■ Activity: Nothing but the lines below from the one that contains "Image of first" through the one that contains "Men's Huk Waypoint" should be retyped, exactly and including both ends. Do not include pictures.

■ Supplied material:
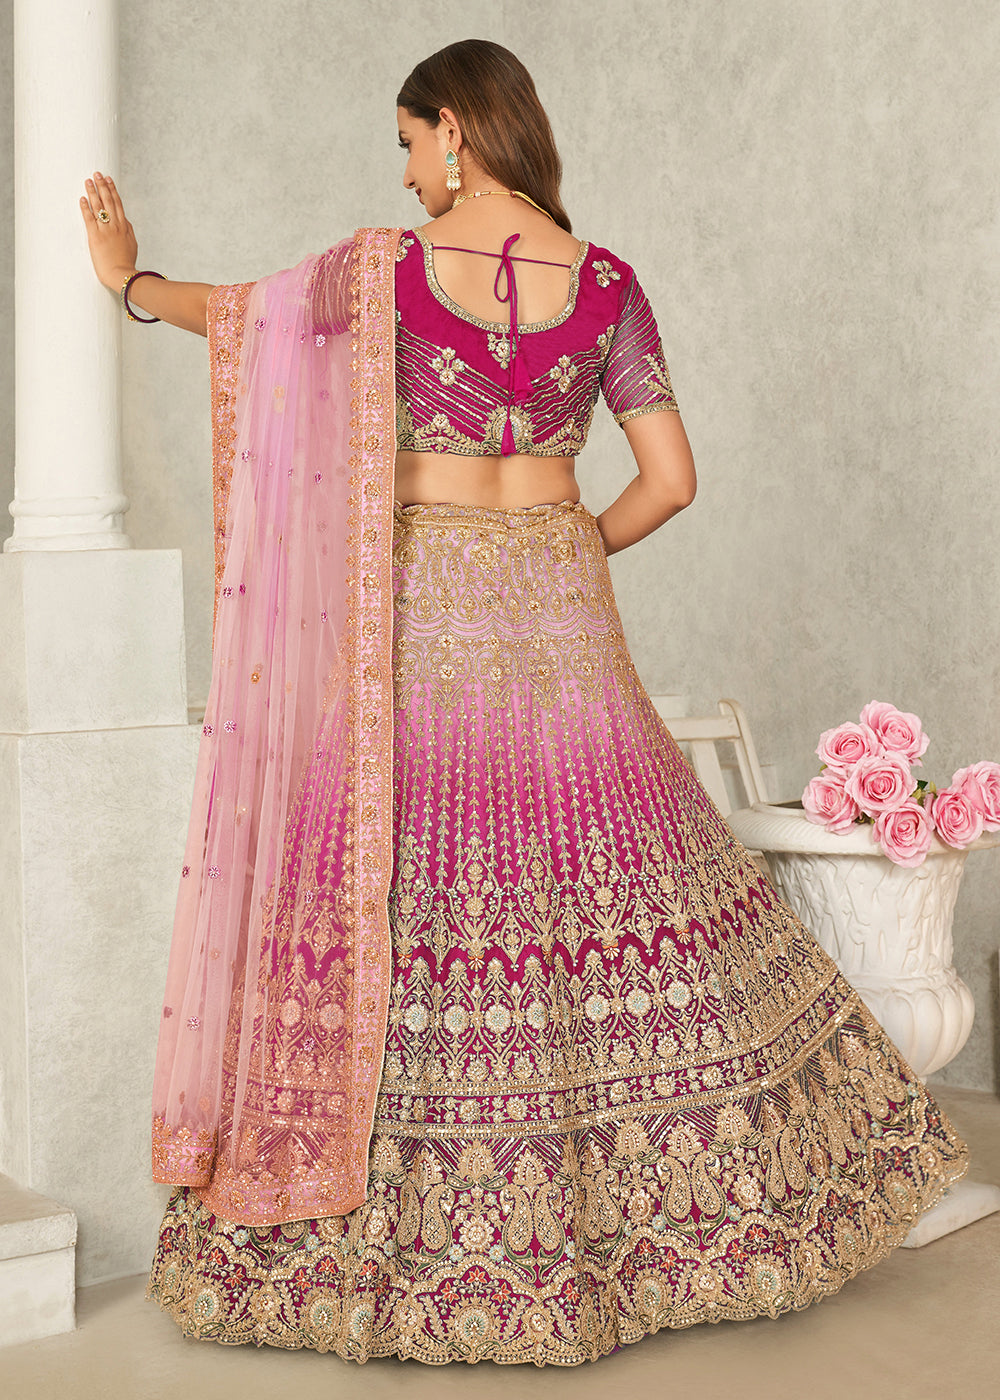 Buy Now Pink Wedding Style Embroidered A Line Lehenga Choli Online in USA, UK, Canada & Worldwide at Empress Clothing.
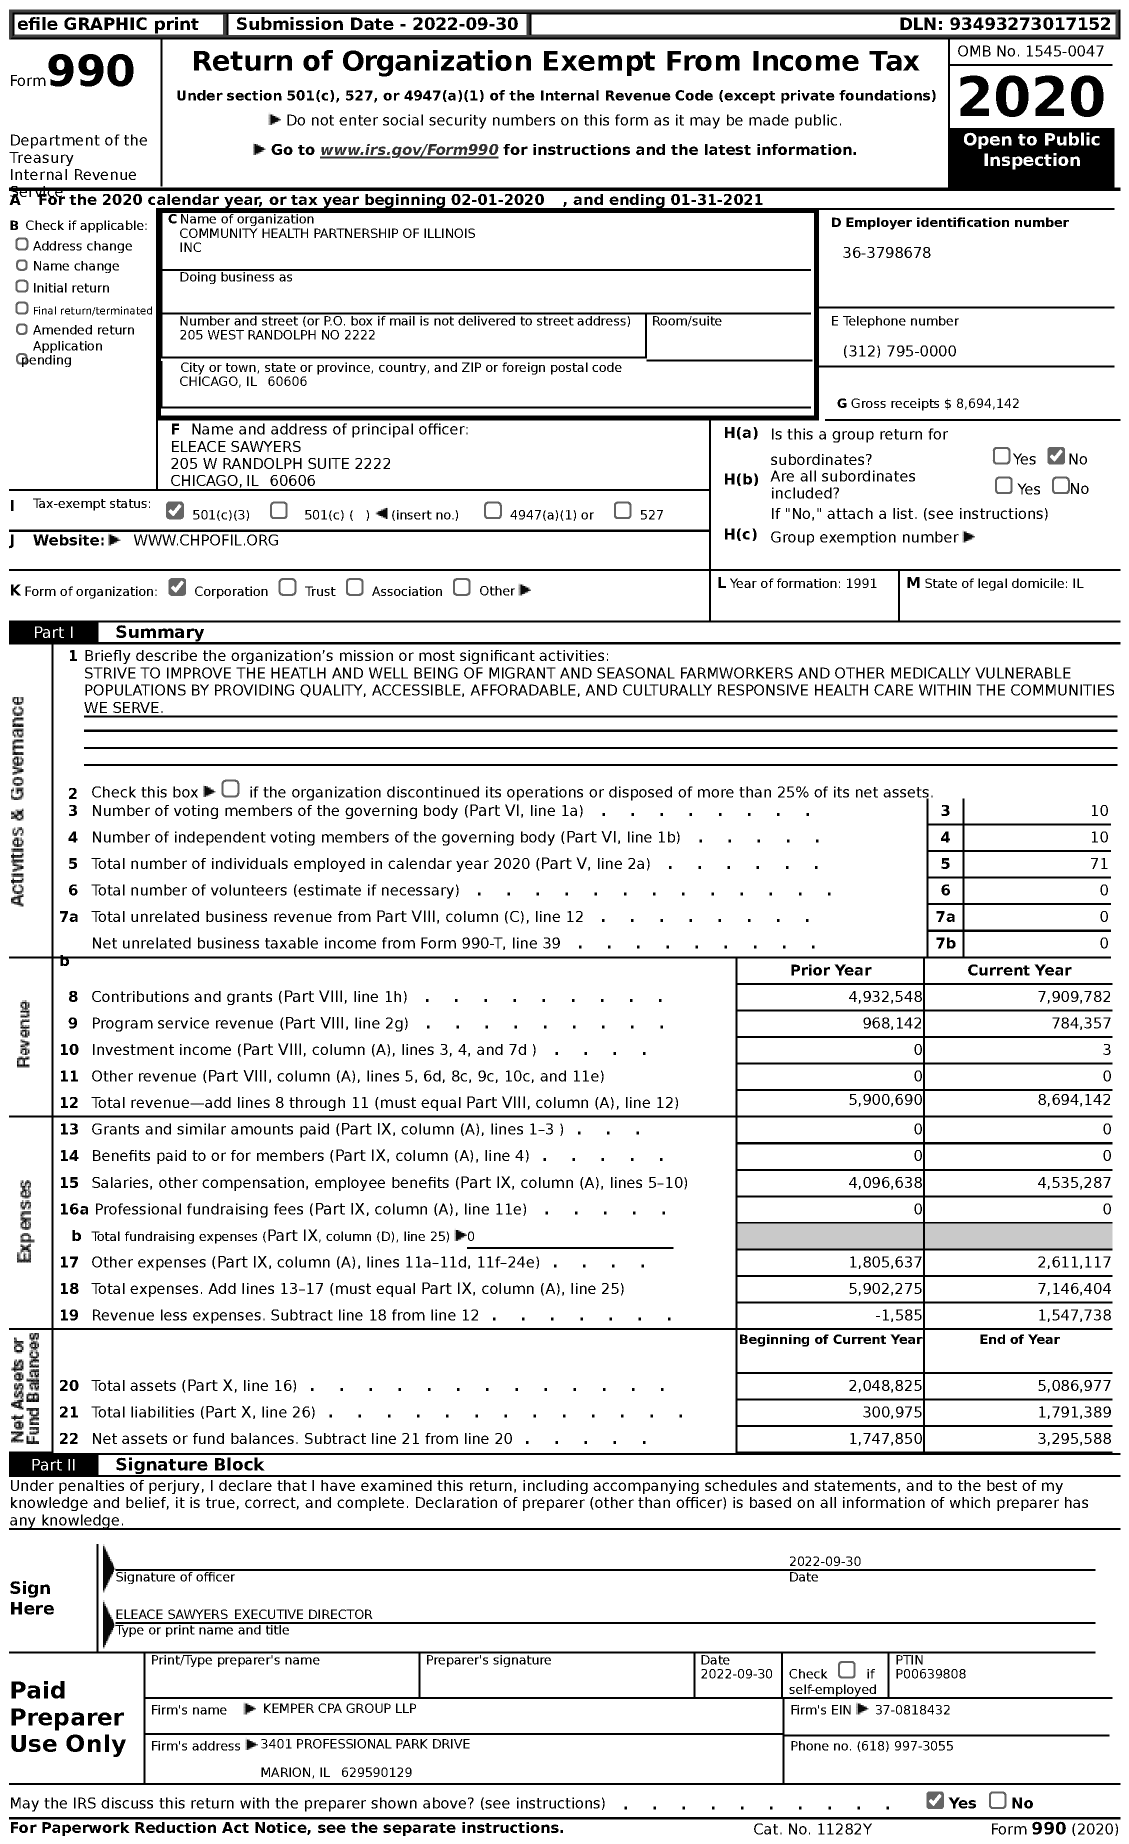 Image of first page of 2020 Form 990 for Community Health Partnership of Illinois (CHP)
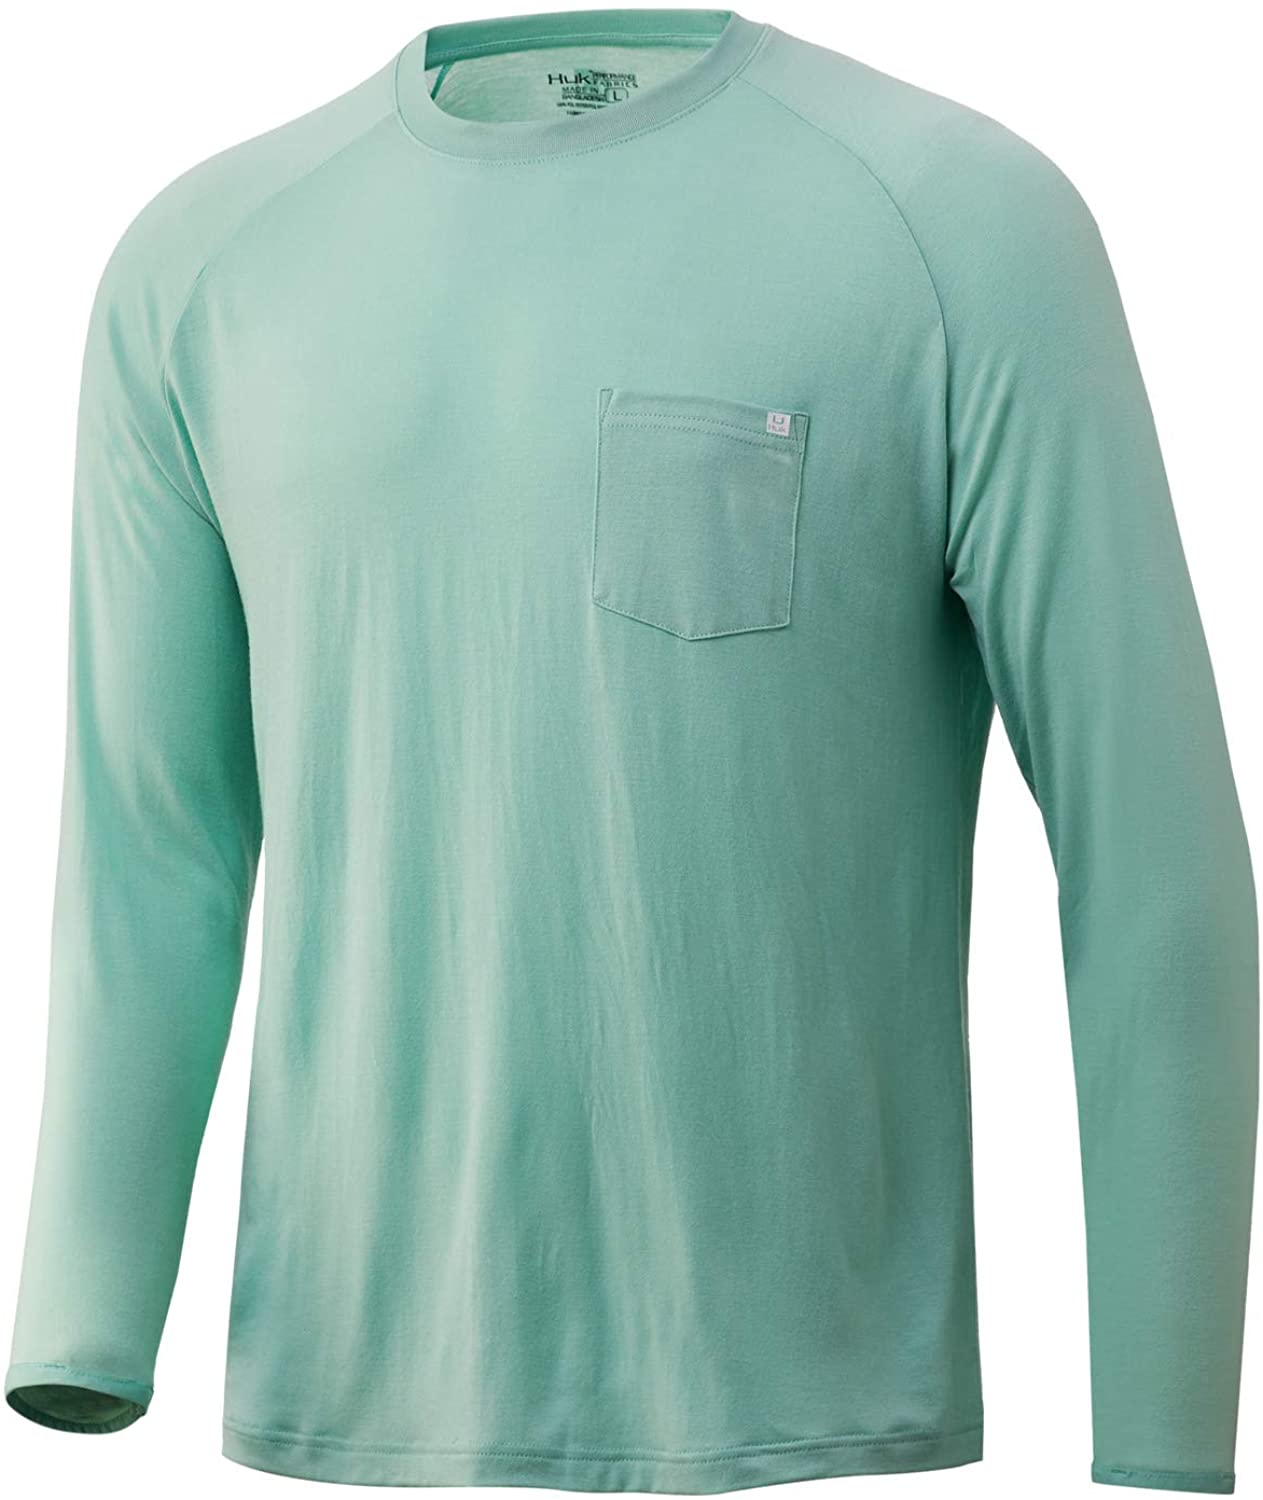 Men's Huk Waypoint Long Sleeve Shirt in Lichen from the front
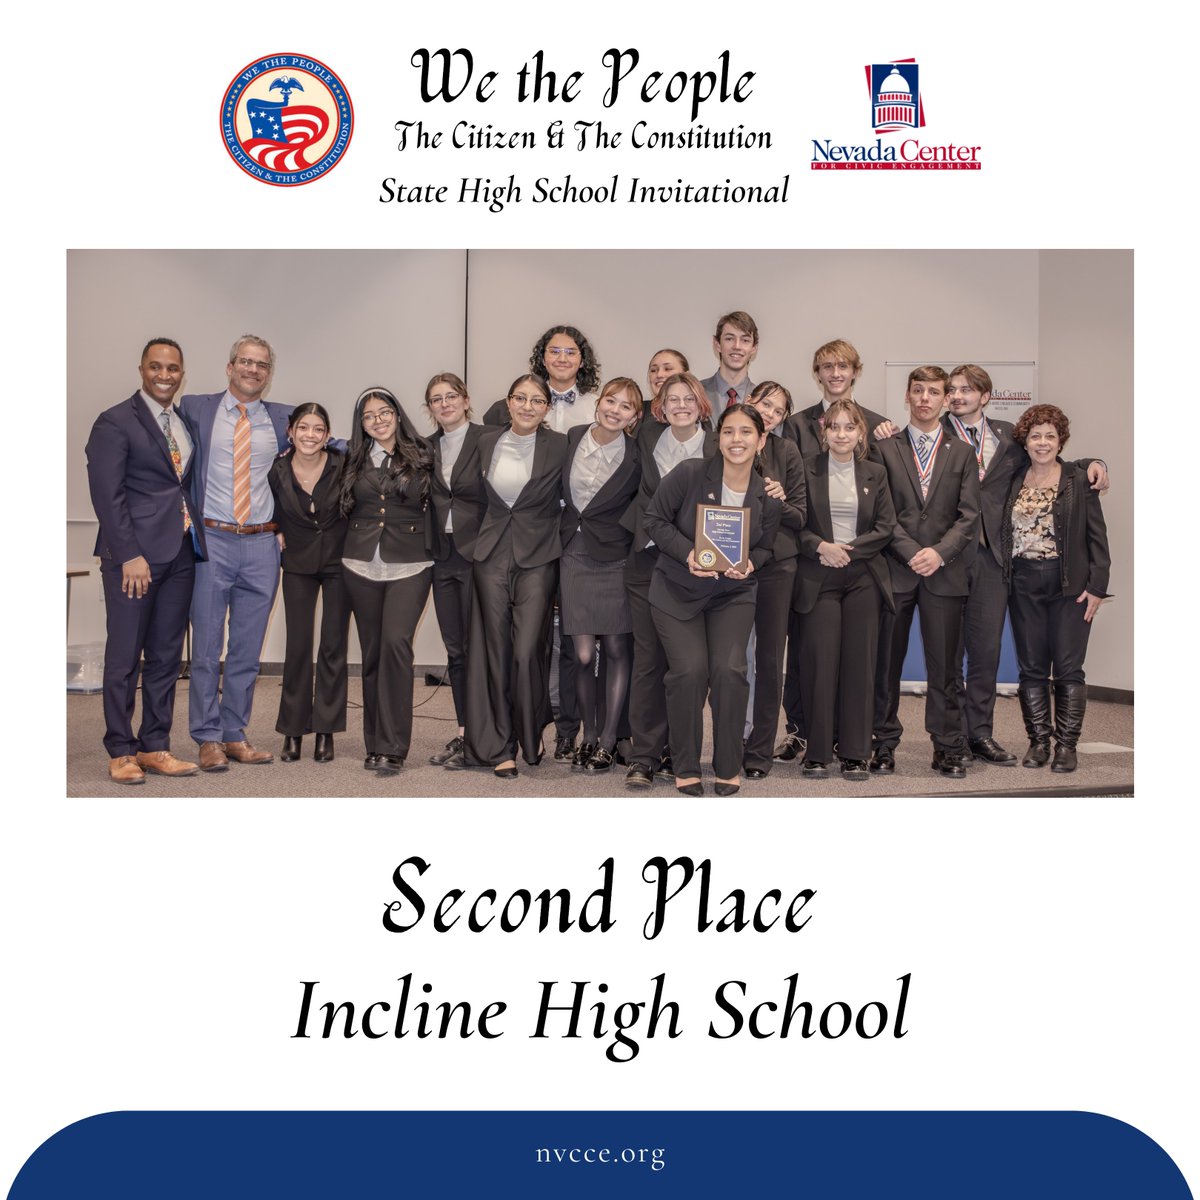 🌟Good luck to the Reno High School and Incline High School 'We the People' teams competing at the national competition in Washington DC this weekend! Let's show them our support as they represent Washoe County School District with pride! 🎉 #WeThePeople #WeAreWCSD #WCSDProud

■ Exercise response:
 Image of first page of 2020 Form 990 for Community Health Partnership of Illinois (CHP)
 Men's Huk Waypoint Long Sleeve Shirt in Lichen from the front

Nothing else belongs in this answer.